Chief Justice Roberts said gay couples seeking to marry are not seeking to join the institution of marriage. “You’re seeking to change what the institution is,” he told Bonauto.
Roberts also said people would be more accepting of change if it was achieved through the democratic process, rather than imposed by courts. Only 11 states have granted marriage rights to same-sex couples through the ballot or the legislative action. Court rulings are responsible for all the others.
Yet the chief justice also questioned the arguments by Kentucky, Michigan, Ohio and Tennessee, four of the 14 remaining states that allow only heterosexual marriage. Those four had marriage bans upheld by the federal appeals court in Cincinnati in November, the only federal appeals court that has ruled in favor of the states since the Supreme Court 2013 ruling..
“If Sue loves Joe and Tom loves Joe, Sue can marry him and Tom can’t. Why isn’t that a straightforward question of sexual discrimination?” he asked.

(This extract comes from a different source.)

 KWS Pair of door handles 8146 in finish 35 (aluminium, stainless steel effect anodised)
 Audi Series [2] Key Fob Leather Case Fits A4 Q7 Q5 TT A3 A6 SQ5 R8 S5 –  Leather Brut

The session was interrupted once by a protester who yelled that supporters of gay marriage “will burn in hell.” He was removed by security.
In the last part of the session, devoted to whether states have to recognize same-sex marriages from elsewhere, both Kennedy and Roberts directed skeptical questions to a lawyer for same-sex couples, Douglas Hallward-Driemeier.
Why should one state “have to yield” in recognizing a marriage from another state? Kennedy asked.
And Roberts suggested that states’ rights would be undermined if residents of states that forbid same-sex unions could get married elsewhere, then return home and demand recognition.
“One state would basically set the policy for the entire nation,” he said.